Cattell  classifies unbalanced bids into three groups, namely, Front-End loaded, Back-End loaded, and Quantity Error Exploitation. Front-End loaded bids inflate the prices of early stage activities to positively impact the contractor cash-in flow. They usually result in owner overpayments when the value of time is considered  . In other words, Front-End bids allow for an interest-free loan from the owner to the contractor. Equally important, the overpayments would weaken the owner’s position and reduce the contractor’s incentives to complete the project. Back-End loading consists of inflating the prices of late schedule items. This pricing strategy is not common in relatively short duration construction projects that located in low inflation rate countries such as the United States.
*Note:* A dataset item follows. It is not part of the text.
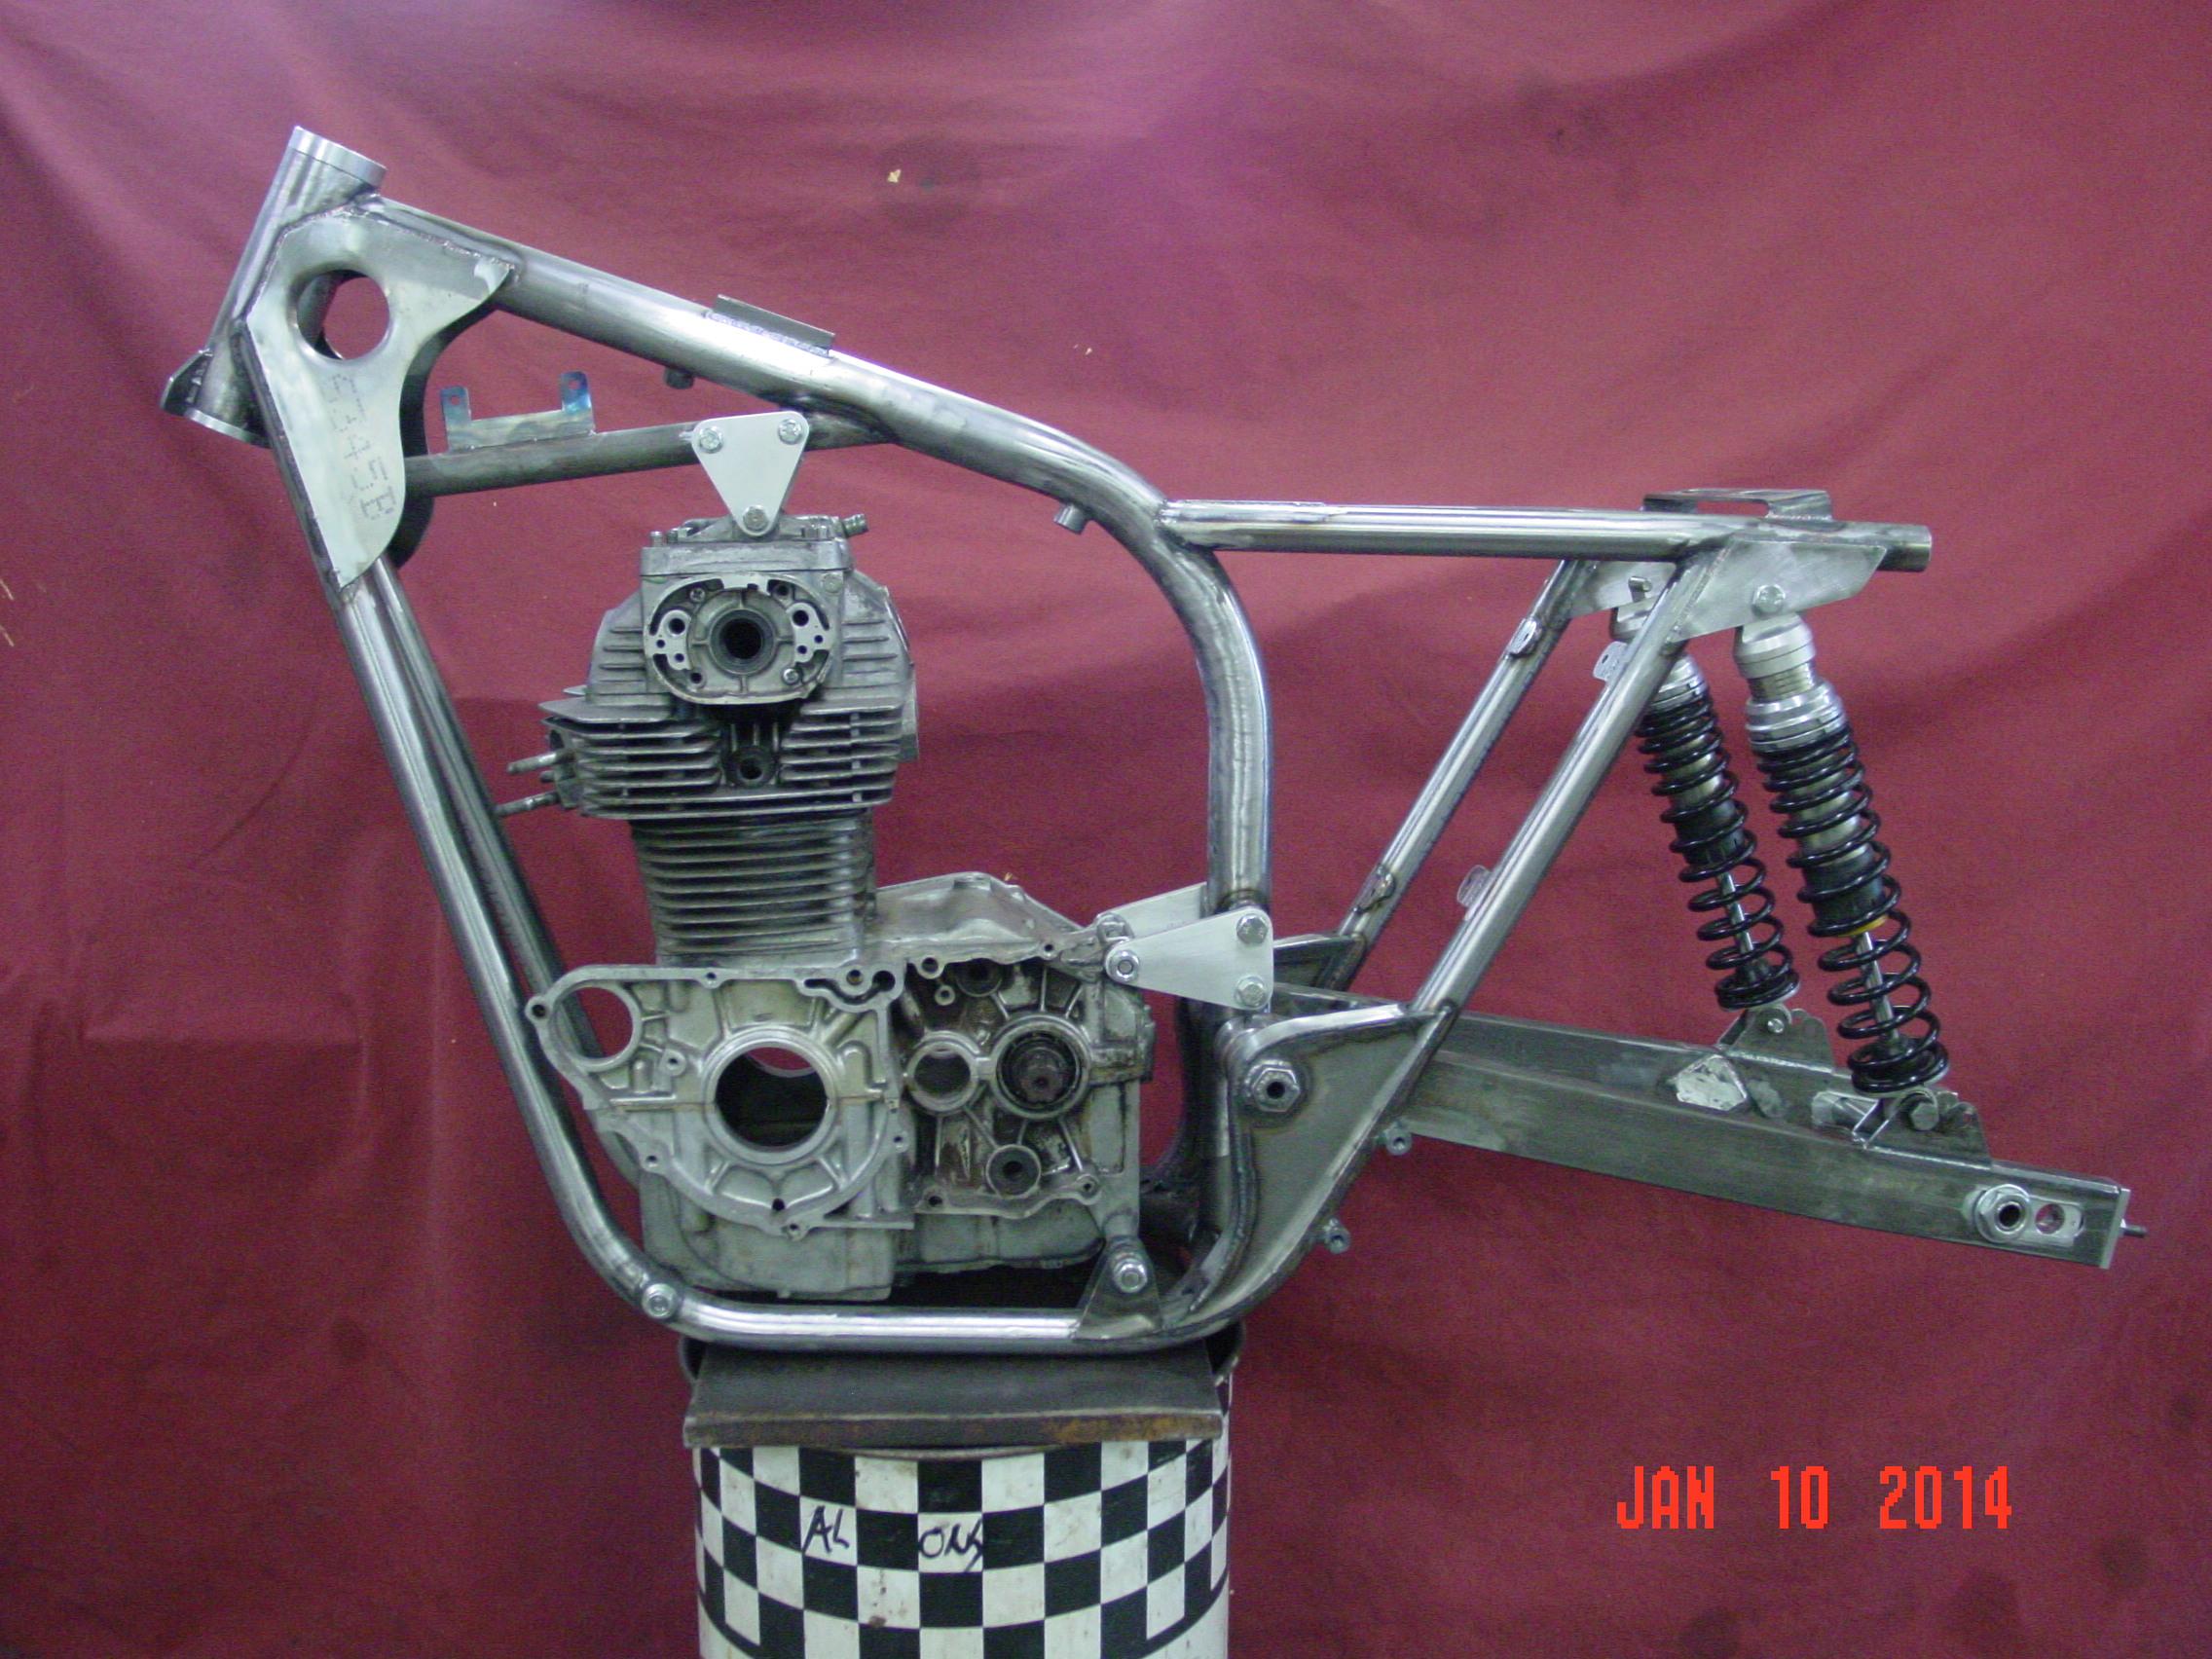 Honda Of Bellevue >> Framecrafters Trackmaster Style Frame for Honda CB/CL/SL Engine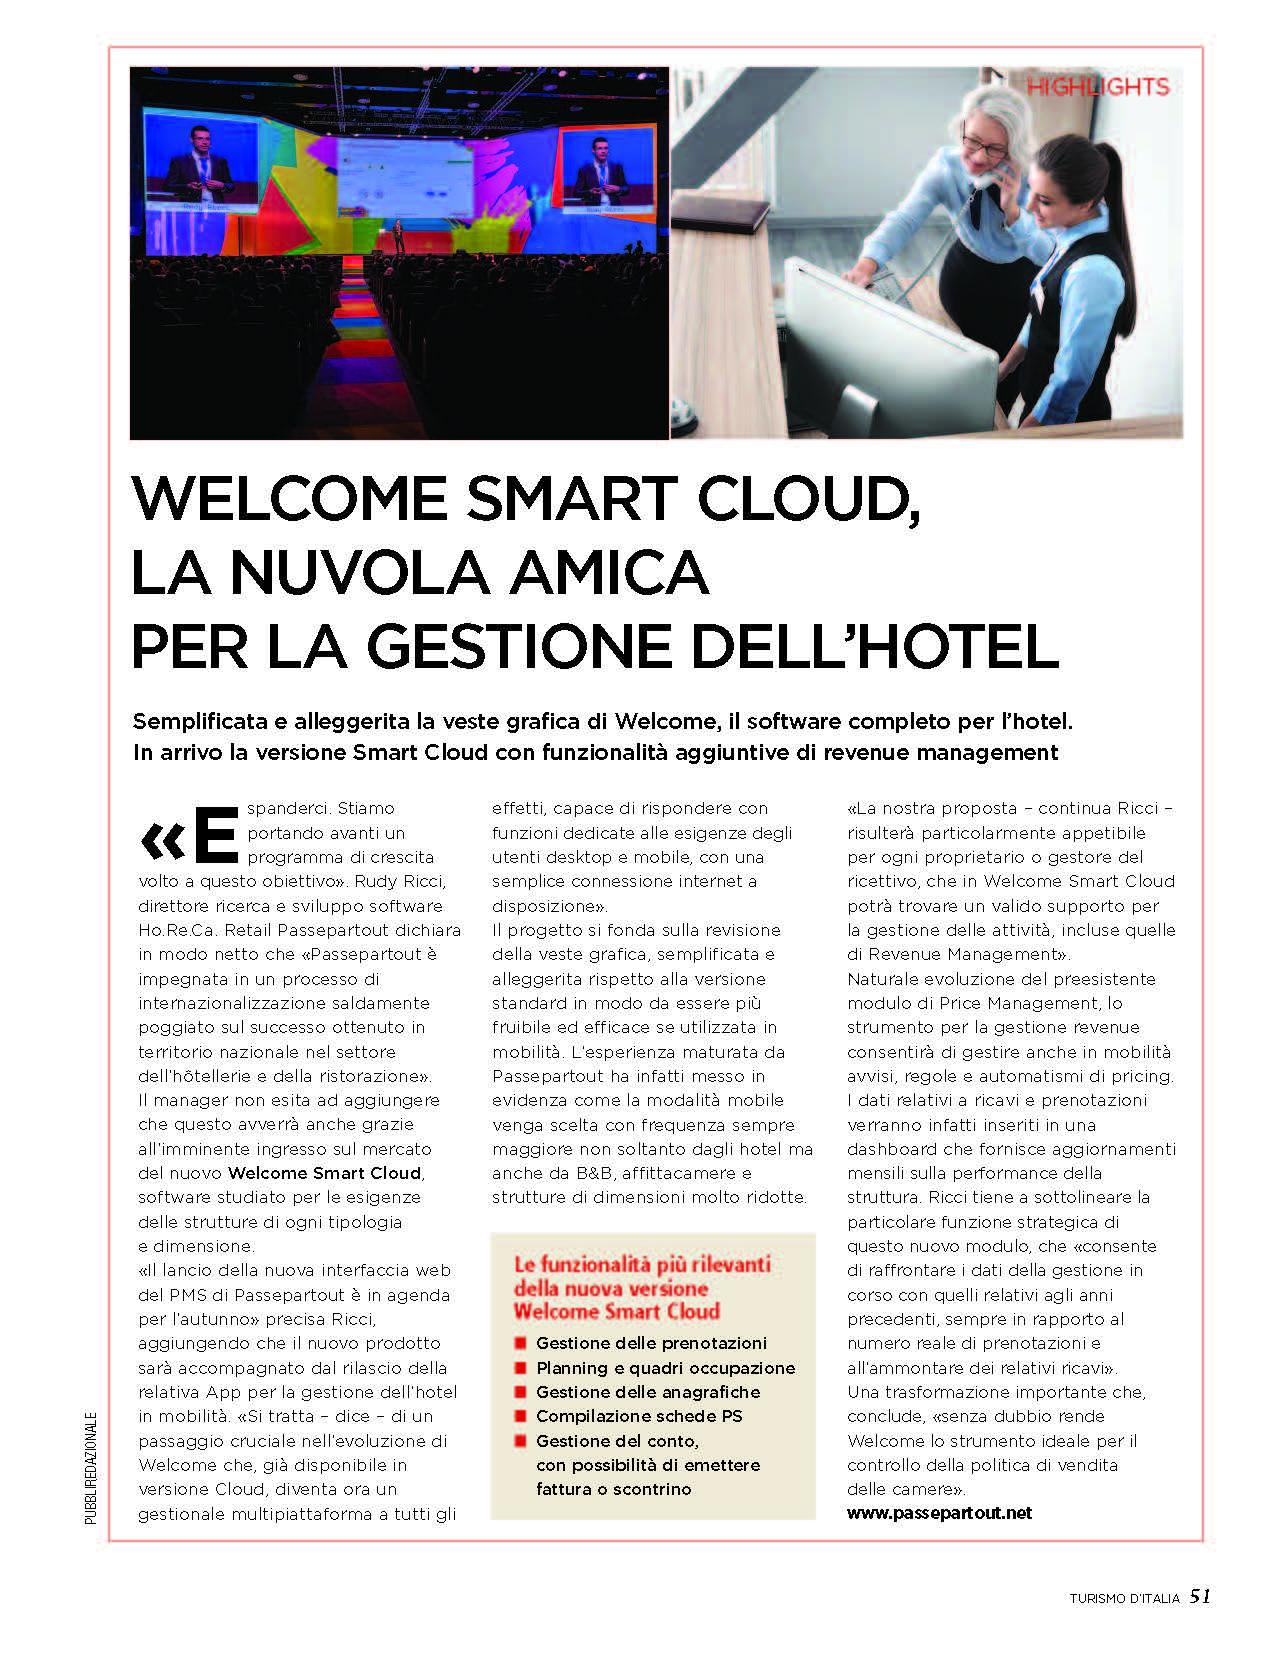 TURISMO D'ITALIA - WELCOME SMART CLOUD

In Quantity Error Exploitation scenarios, the contractor increases the unit price of items in which actual quantities are expected to exceed the ones stated in the bid documents  . For example, in one of the contracts awarded by the Florida Department of Transportation (FDOT), the bid winner, inadvertently or deliberately, offered a high unit price (i.e., $420/ft versus $171/ft) for trench support sheet. As the owner’s offered quantity was 30% of the actual one (i.e., 500 ft versus 1729 ft) the contractor was able to submit the lowest bid. Unfortunately, FDOT did not detect this problem, which resulted in additional unnecessary cost of $516,180  . Quantity Error Exploitation bids, which are more difficult to detect than other types, may have severe consequences on the owner cost.
The US public and private sectors have different approaches to unbalanced bids. The federal code of regulation (48 C.F.R. § 15.404−1 (g)) forbids unbalanced pricing because of its adverse consequences on performance risk and payments. However, unbalanced bids are not forbidden in the US private construction industry sector. However, they are considered as unethical and risky acts. Moreover, the private sector strives to detect unbalanced bids in advance as a preventive action.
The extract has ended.